Santiago Abascal exhibe un sobre de propaganda electoral.

José Precedo

Un ejército de 19 abogados pleitea desde Madrid contra todo lo que amenace a la nación española. En el cuartel general de Vox, la formación ultraconservadora que lidera Santiago Abascal -un exmilitante del PP de 41 años que llegó a ser diputado en Euskadi y que abandonó por las posiciones “tibias” del partido- se analiza cualquier caso que pueda vulnerar “los intereses generales” de España.

Dentro de ese cajón de sastre ha cabido casi todo en los últimos años: algún caso de corrupción, la pitada al himno español en un partido de fútbol y últimamente por encima de cualquier otra cosa, el asunto catalán, ya sea la declaración de independencia o una presentadora de TV3 que quema un ejemplar de la Constitución ante las cámaras. “El golpe de Estado”, como se encarga de repetir al otro lado del teléfono, Javier Ortega, secretario general de Vox, abogado y coordinador de toda su estrategia jurídica.

El partido no concurre a las elecciones catalanas. La explicación oficial es que estas constituyen “un referéndum legal concedido por Rajoy al golpismo separatista” que el independentismo “venderá ante la opinión pública internacional como un plebiscito de facto”.

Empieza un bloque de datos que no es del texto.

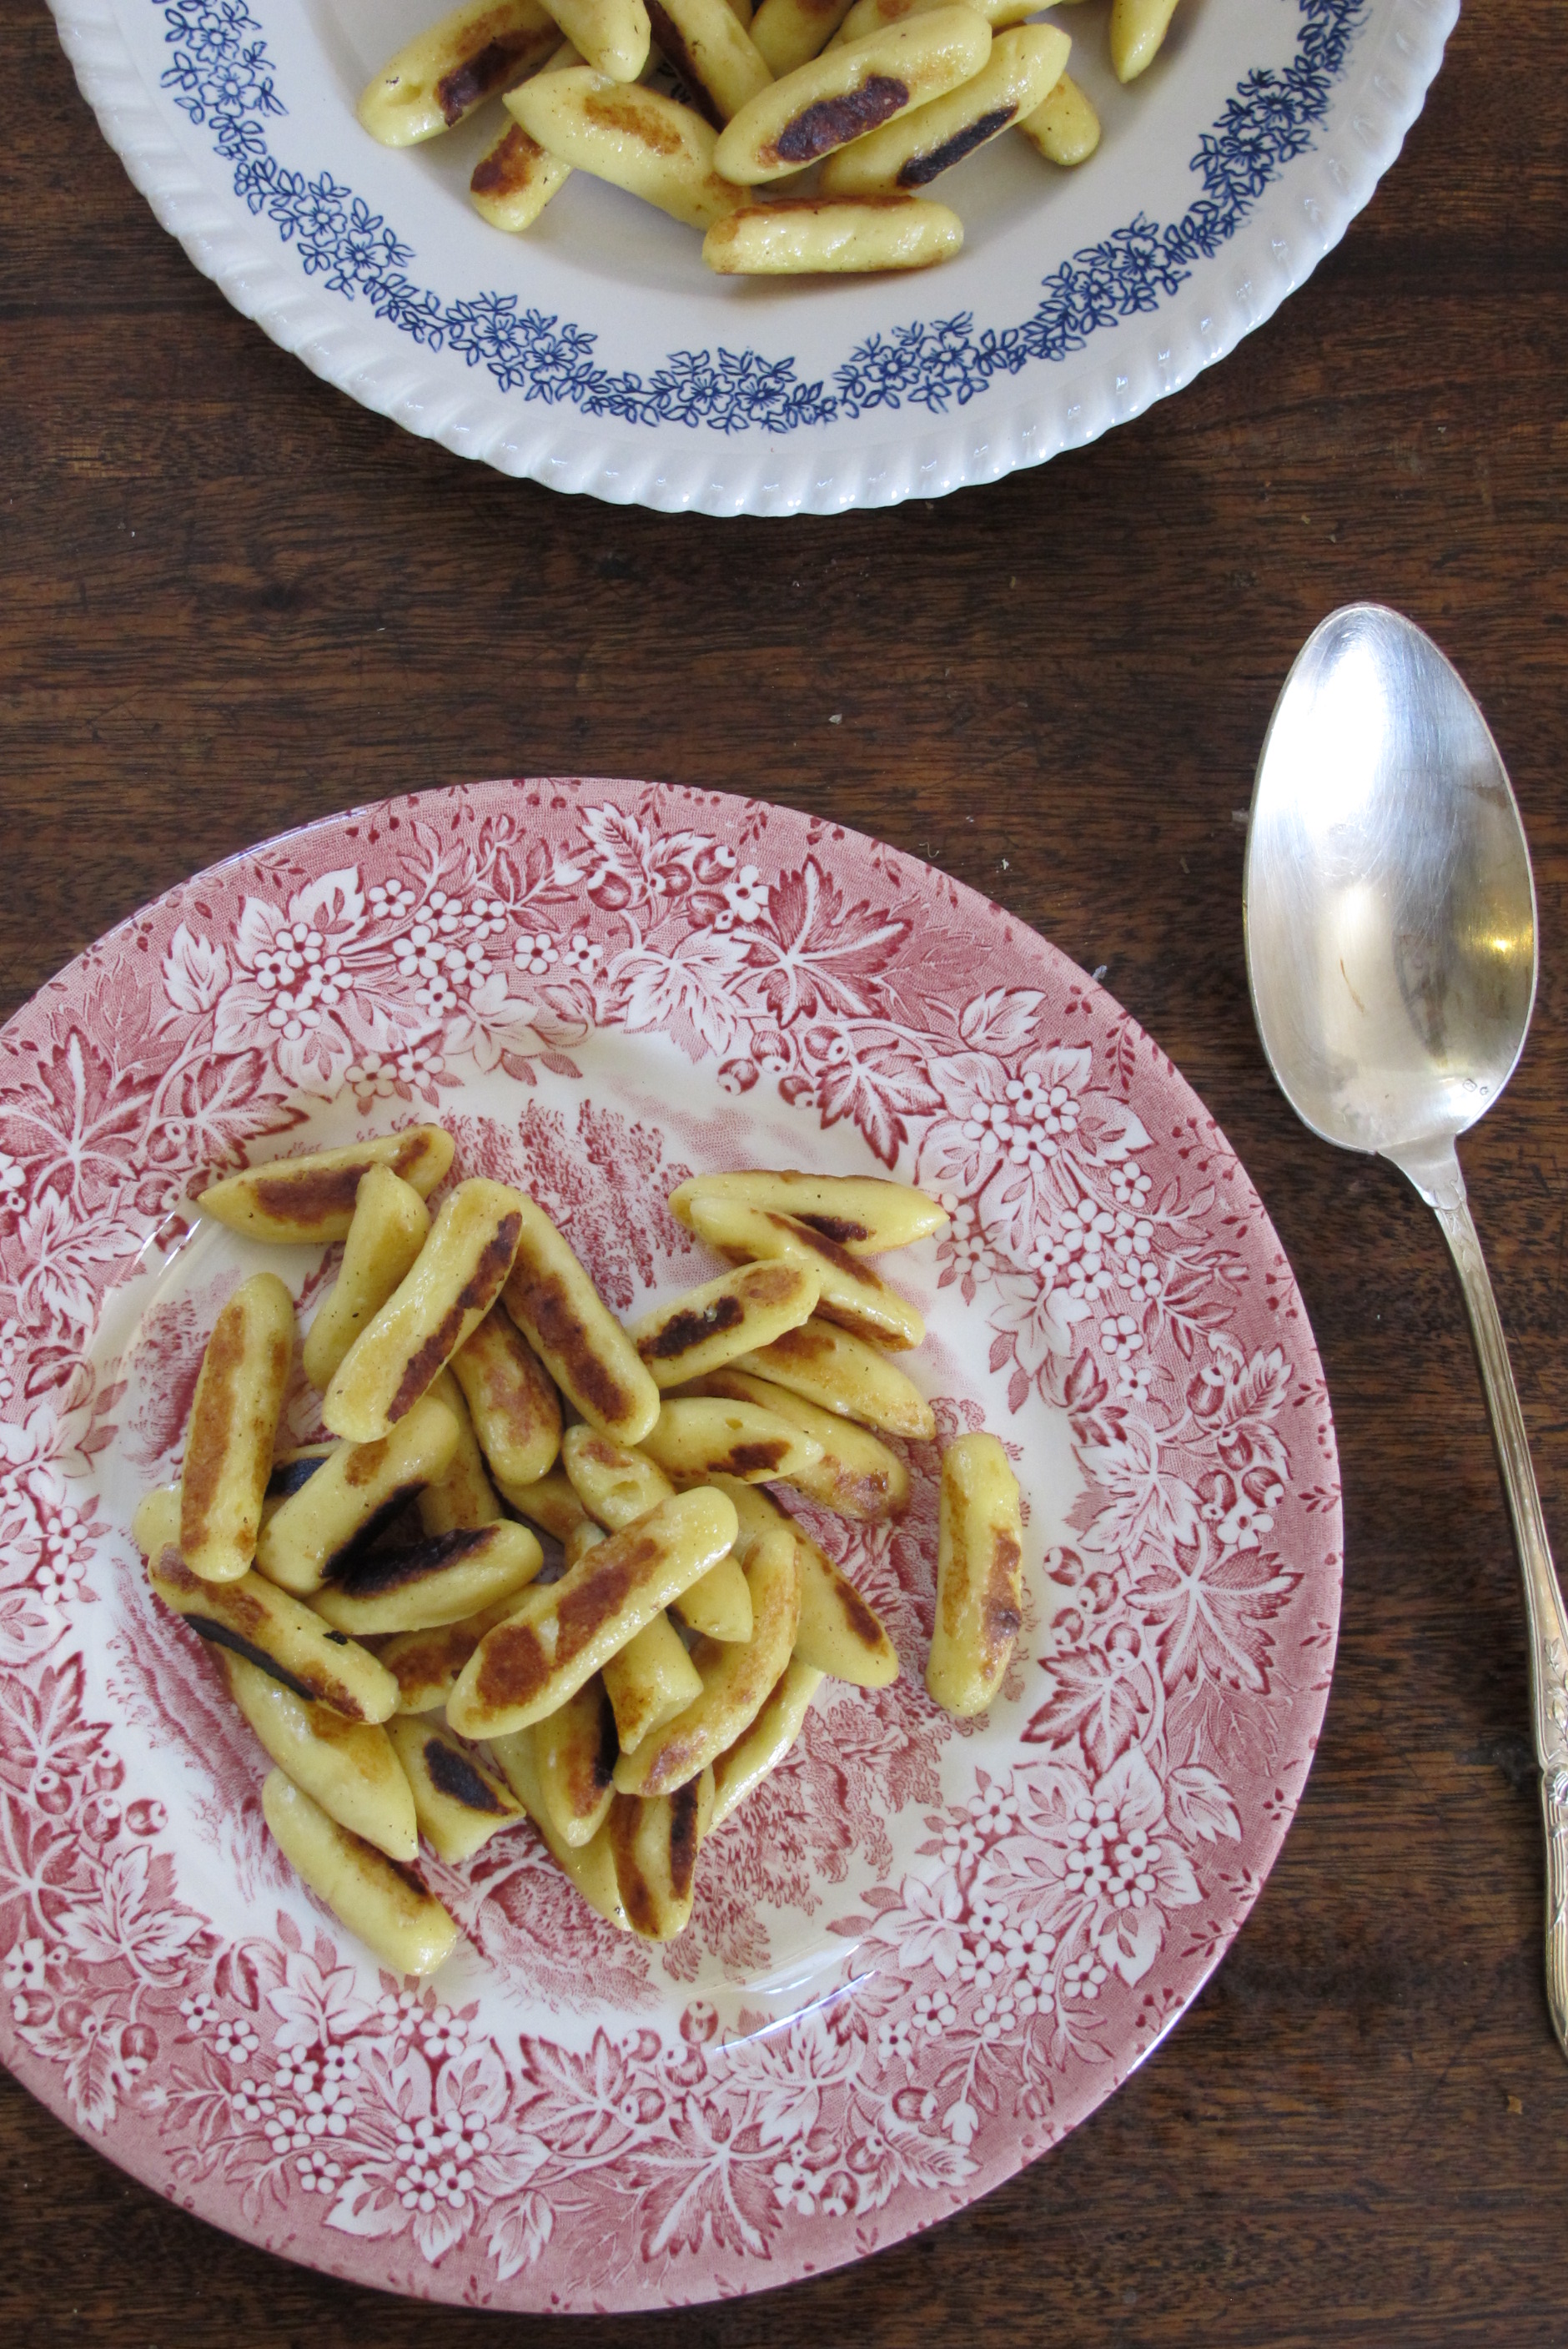 馬鈴薯麵疙瘩佐香蔥櫛瓜核桃橄欖油醬
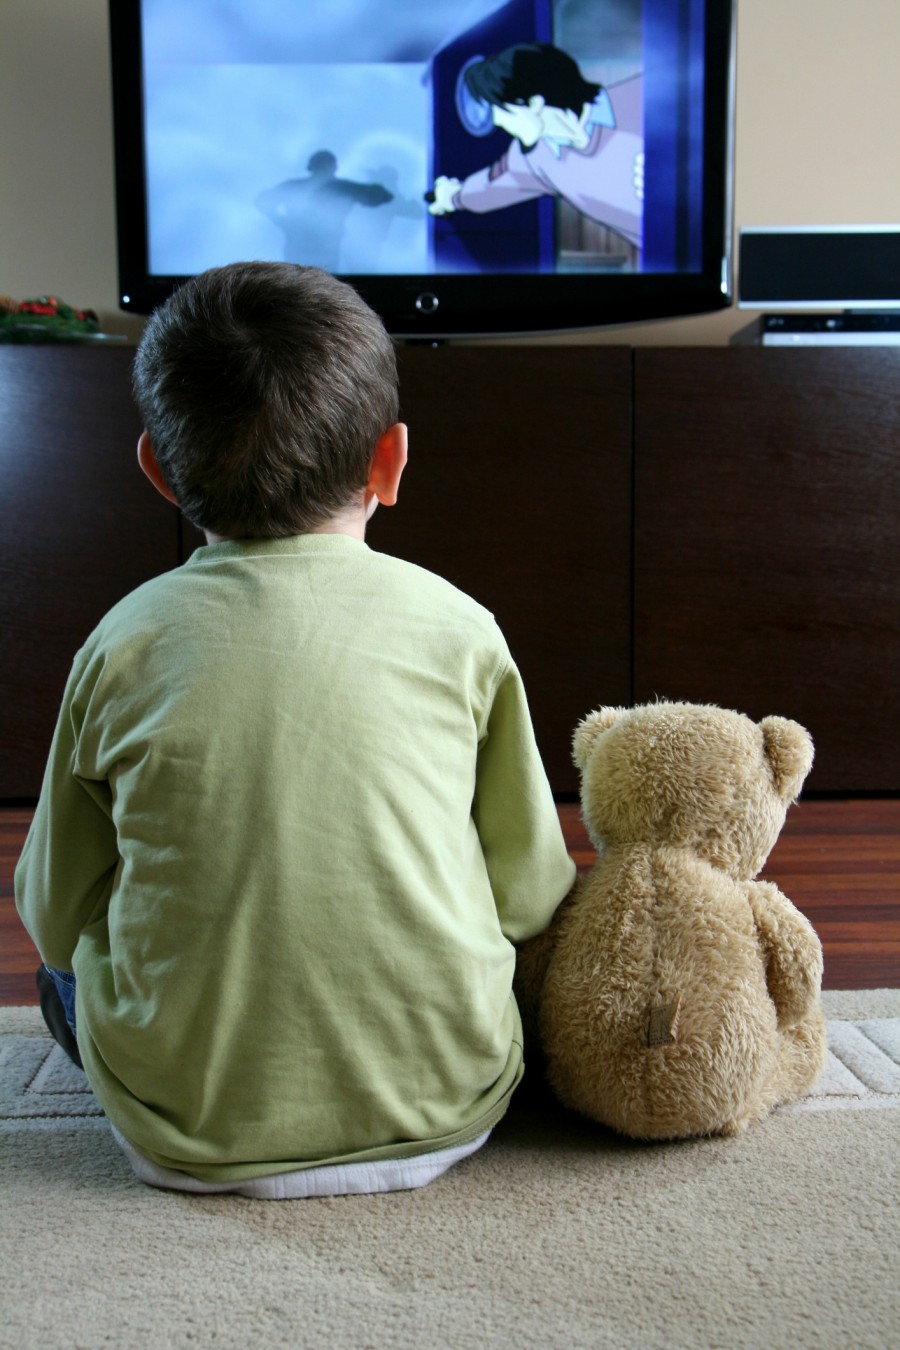 Ce efect are privitul la televizor în exces asupra noastră şi mai ales asupra copiilor

El comité ejecutivo nacional del partido eligió no participar en los comicios a principios de noviembre y ya cuando tomó esa decisión recordó que no dejaría sin representación a los catalanes “que confian en otro programa para España” y comprometió sus “medios económicos y humanos en encabezar la acusación popular en los tribunales contra los golpistas exigiendo las más severas penas conforme al Código Penal”. Abascal ha pedido este sábado cadena perpetua para Puigdemont, Junqueras y el Govern cesado de la Generalitat.

Si nos atenemos a los resultados de las últimas elecciones en las que participó, las generales de junio de 2016, los catalanes que confían en ese “otro programa para España” son exactamente 197, el 0,01% del censo, y están todos en la provincia de Lleida.

En ninguna de las últimas convocatorias electorales ni en Cataluña ni en el resto de España, Vox ha logrado gran representación pese a los altavoces mediáticos con los que ha contado. Ni en la doble ración de elecciones generales ni en las autonómicas de 2015 logró un solo escaño. Su mejor resultado lo consigue en Ceuta apoyado seguramente sobre su mensaje contra la inmigración que sin embargo solo le reportó el 1,27% de los votos. En las últimas municipales reunió 22 concejales a lo largo de los más de 8.000 ayuntamientos españoles.

Pero la irrelevancia de Vox en las instituciones no le ha impedido hacer mucho ruido en los tribunales, donde se ha mostrado hiperactivo, tal y como prometió en el comunicado de siete puntos en el que renunciaba a competir electoralmente en Cataluña. En diferentes procedimientos penales, ha denunciado a los últimos presidentes de la Generalitat, Artur Mas y Carles Puidgemont, se ha personado como acusación en las causas abiertas contra otros líderes del procés en la Audiencia Nacional y el Supremo, ha aportado supuestas pruebas contra TV3 y Catalunya Radio, e inició el pleito contra el dirigente de otra entidad independentista, Santiago Espot, que pidió en Facebook pitar el himno a España en la final de Copa del Rey entre el Barça y el Athtletic de Bilbao en 2015. Espot está siendo juzgado en la Audiencia Nacional por los delitos de injurias al Rey y ultraje a la bandera. La Fiscalía solicita para él multas por más de 14.000 euros.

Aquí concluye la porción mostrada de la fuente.